Exemplarily, when the target business data has a corresponding sub-business data storage order, the computer device determines the target sub-data in each sub-business data included in the target business data according to the sub-business data storage order. When the target business data does not have a corresponding sub-business data storage order, any sub-business data among the sub-business data to be stored included in the target business data is used as the target sub-data. Then, the index space corresponding to the target sub-data is determined in the initial index sequence, and the index space is used as the target index space corresponding to the target sub-data.

Step S206, when the target data length corresponding to the target sub-data is less than or equal to the spatial data length of the target index space, the target sub-data is written into the target index space to obtain a target index sequence.

The target data length refers to the data length of the target sub-data. For example, when the target sub-data is character data, the target data length is 1 byte. When the target sub-data is integer data, the target data length is 4 bytes, etc. The space data length refers to the size of the storage space occupied by the index space. For example, the space data length of the target index space can be 4 bytes, 8 bytes, etc. The target index sequence refers to the index sequence obtained after the target sub-data is stored, that is, after the target index space in the initial index sequence is updated based on the target sub-data.

Exemplarily, the target data length of the target sub-data and the spatial data length of the target index space are compared. When the target data length is less than or equal to the spatial data length of the target index space, the target sub-data is directly written into the target index space to obtain an updated target index sequence. The target sub-data is continuously determined in each sub-business data contained in the target business data, and the step of returning to obtain the initial index sequence corresponding to the target business data is executed until all sub-business data contained in the target business data are written into the corresponding storage space.

In one embodiment, the security level corresponding to the target sub-data is obtained. When the target data length of the target sub-data is less than or equal to the space data length and the security level of the target sub-data is less than the preset security level, the target sub-data is stored in the target index space. If the security level of the target sub-data is greater than or equal to the preset level, the target sub-data is stored in the target heap space corresponding to the target business data. A corresponding security level is set for each sub-business data contained in the target business data, and the corresponding storage method is determined according to the security level and data length corresponding to different sub-business data, which can improve resource utilization while ensuring the security of data storage.

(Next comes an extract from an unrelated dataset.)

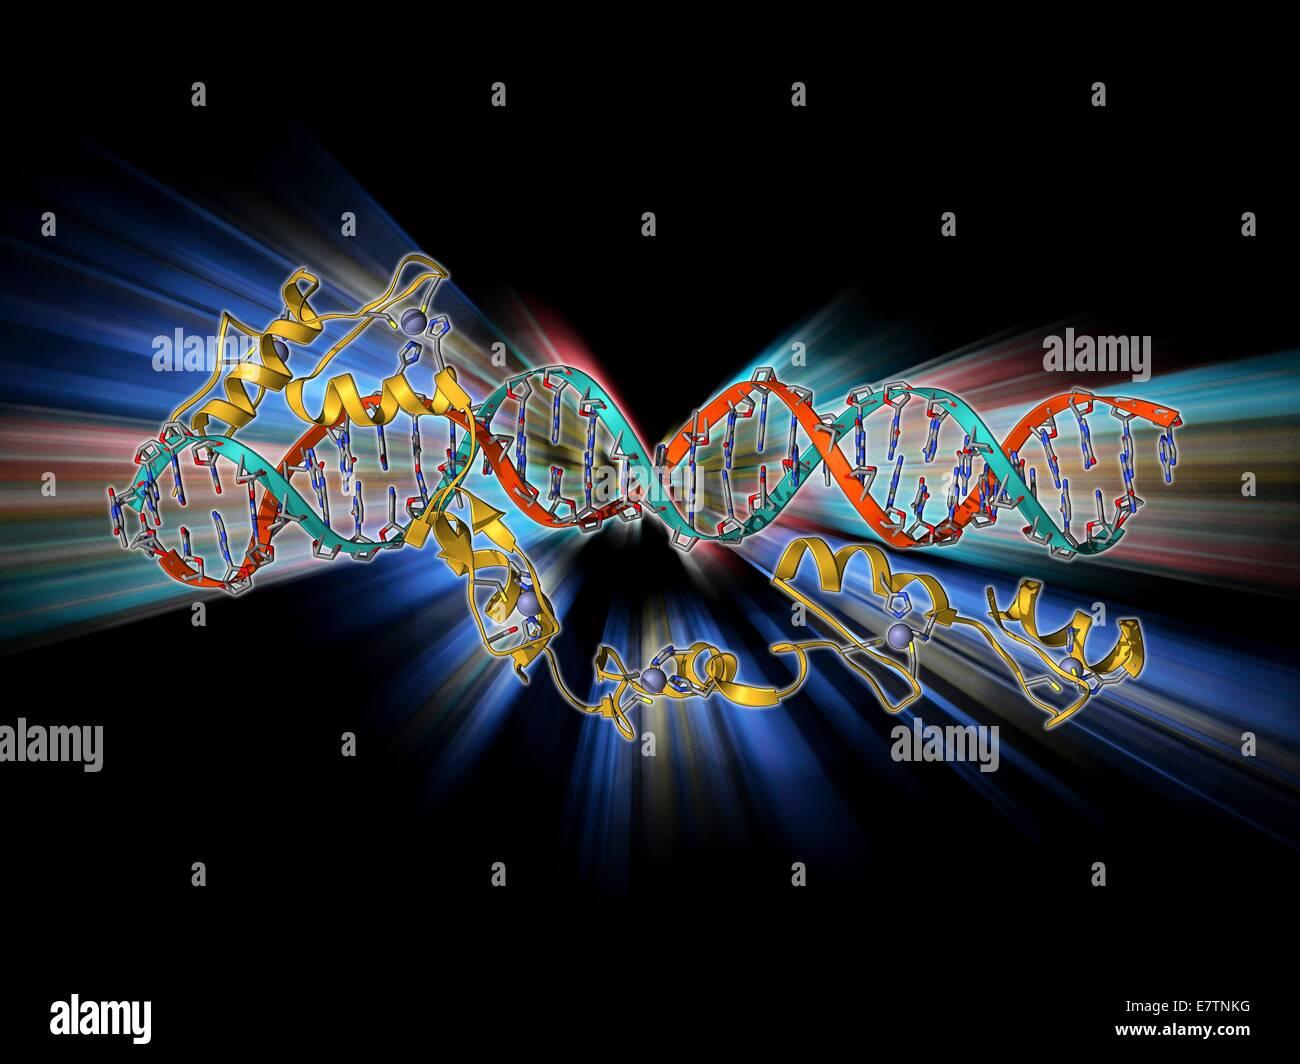 Transcription factor and ribosomal RNA (rRNA). Molecular model showing the 6 zinc fingers of transcription factor Stock Photo

In one embodiment, the access level corresponding to the target sub-data is obtained, and the access level is used to characterize the frequency of the target sub-data being accessed. If the target sub-data is data that needs to be accessed frequently, the access level corresponding to the target sub-data is higher. The security level corresponding to the target sub-data is obtained. When the target data length of the target sub-data is less than or equal to the spatial data length, and the access level corresponding to the target sub-data is greater than or equal to the preset access level, the target sub-data is stored in the target index space, thereby improving the query speed and improving resource utilization. When the target data length of the target sub-data is less than or equal to the spatial data length, the access level corresponding to the target sub-data is less than the preset access level, and the security level corresponding to the target sub-data is greater than or equal to the preset security level, the target sub-data is stored in the target heap space, thereby improving the security of the target sub-data. When the target data length of the target sub-data is less than or equal to the spatial data length, the security level corresponding to the target sub-data is less than the preset security level, and the access level corresponding to the target sub-data is less than the preset access level, the target sub-data is stored in the target index space, thereby improving the query speed and improving resource utilization. Corresponding security levels and access levels are set for each sub-business data contained in the target business data, and the corresponding storage method is determined according to the security level, access level and data length corresponding to different sub-business data. In this way, the security needs and access needs corresponding to different sub-business data are comprehensively considered during data storage, effectively improving the flexibility of data storage.

Step S208, when the target data length corresponding to the target sub-data is greater than the spatial data length of the target index space, the target sub-data is written into the target heap space corresponding to the target business data, and a target pointer corresponding to the target sub-data is obtained. Write the target pointer into the target index space to obtain the target index sequence.

The target heap space refers to the heap storage space allocated for the target business data. The target pointer refers to the first address of the storage space corresponding to the target sub-data in the target heap space. For example, when the target sub-data is the first sub-data stored in the target heap space, the target pointer corresponding to the target sub-data is 0. If the data length of the target sub-data is 4 bytes, the target pointer corresponding to the second sub-data stored in the target heap space is 4.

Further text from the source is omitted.